— Как, и все?! — В калимпурских дворах совещания тянулись бесконечно. Там по полсезона решали, восходит ли солнце утром или вечером.
— Если ты заметила, в составе нашего Временного совета нет ни одного юриста, — сухо заметил Джешонек.
Моханда хищно улыбнулся:
— Иногда мы их приглашаем.
— Ну и что? — не поняла я.
Федеро церемонно взял меня под руку, как будто собирался вести на бал.
— И то, что сейчас мы попросим господина Наста выписать тебе расписку с обещанием оплатить расходы и обратный проезд.

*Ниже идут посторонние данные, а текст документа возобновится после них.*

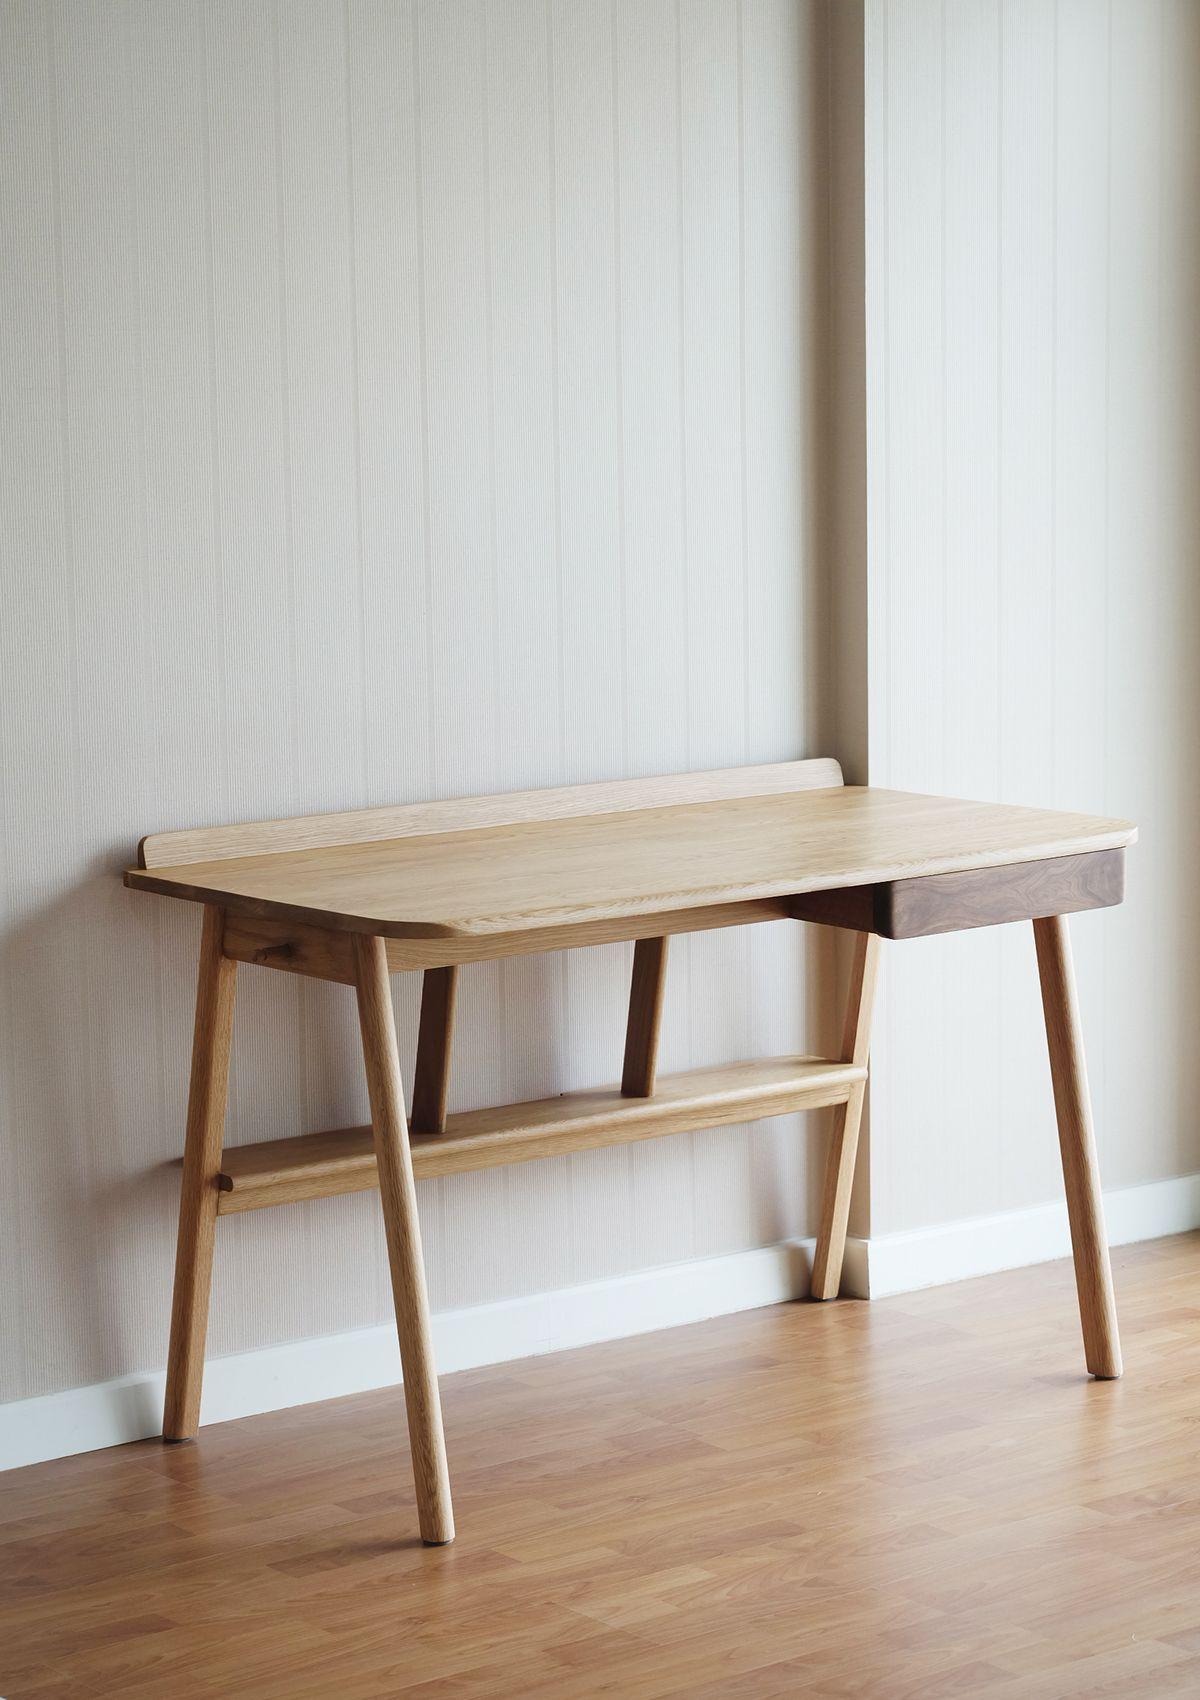 kitt desk furniture minimalist desk wood desk table furniture rh pinterest com

Мы вышли в коридор, где несколько конторских служащих шелестели бумагами. При виде нас все расступились. Федеро захлопнул дверь.

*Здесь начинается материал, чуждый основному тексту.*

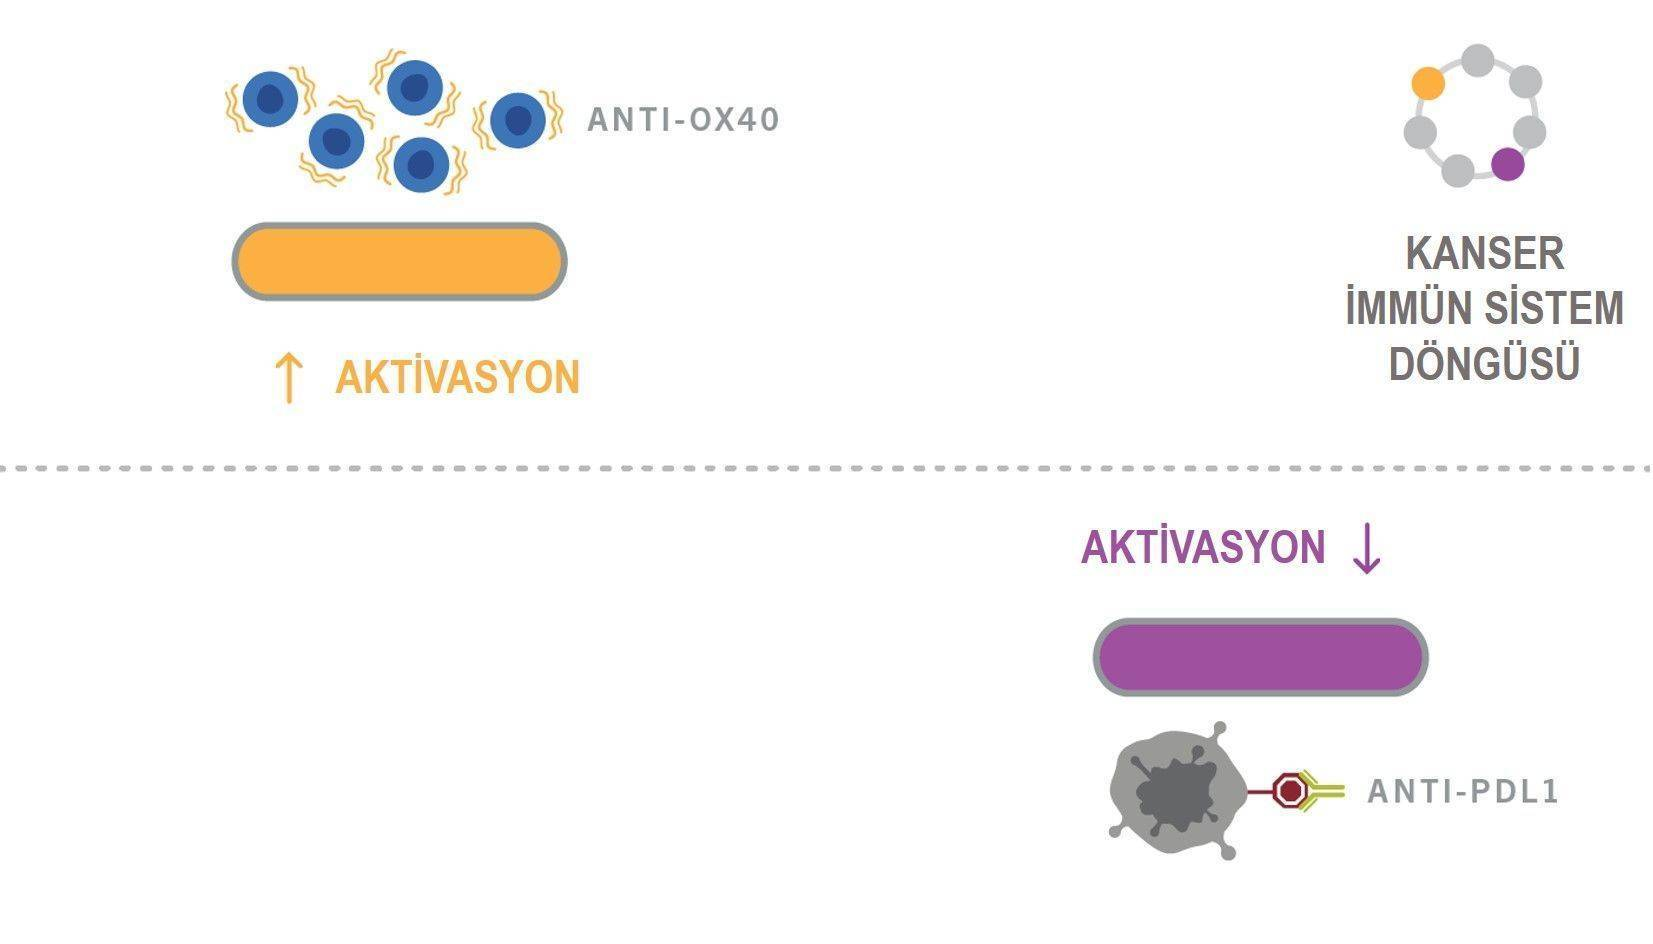 kanser immun sistem dongusu

— Зелёная, — сказал он, понизив голос, — извини, но сейчас у меня совсем мало времени. Как себя чувствует Танцовщица?
Я покраснела.
— Мне очень стыдно, но я не знаю… Может быть, она умирает!
Федеро вздохнул:
— В последний раз мы с ней виделись и разговаривали четыре месяца назад… Тогда мы крупно поссорились, и она пропала. Мы с ней говорили о тебе, а спор вышел из-за того, надо тебя разыскивать или нет. Я очень надеялся, что Танцовщица поехала за тобой. — Федеро грустно улыбнулся. — Мои молитвы были услышаны. Она не пала жертвой разбойников Чойбалсана. Но ее возвращение далось такой дорогой ценой! Что было у нее на уме?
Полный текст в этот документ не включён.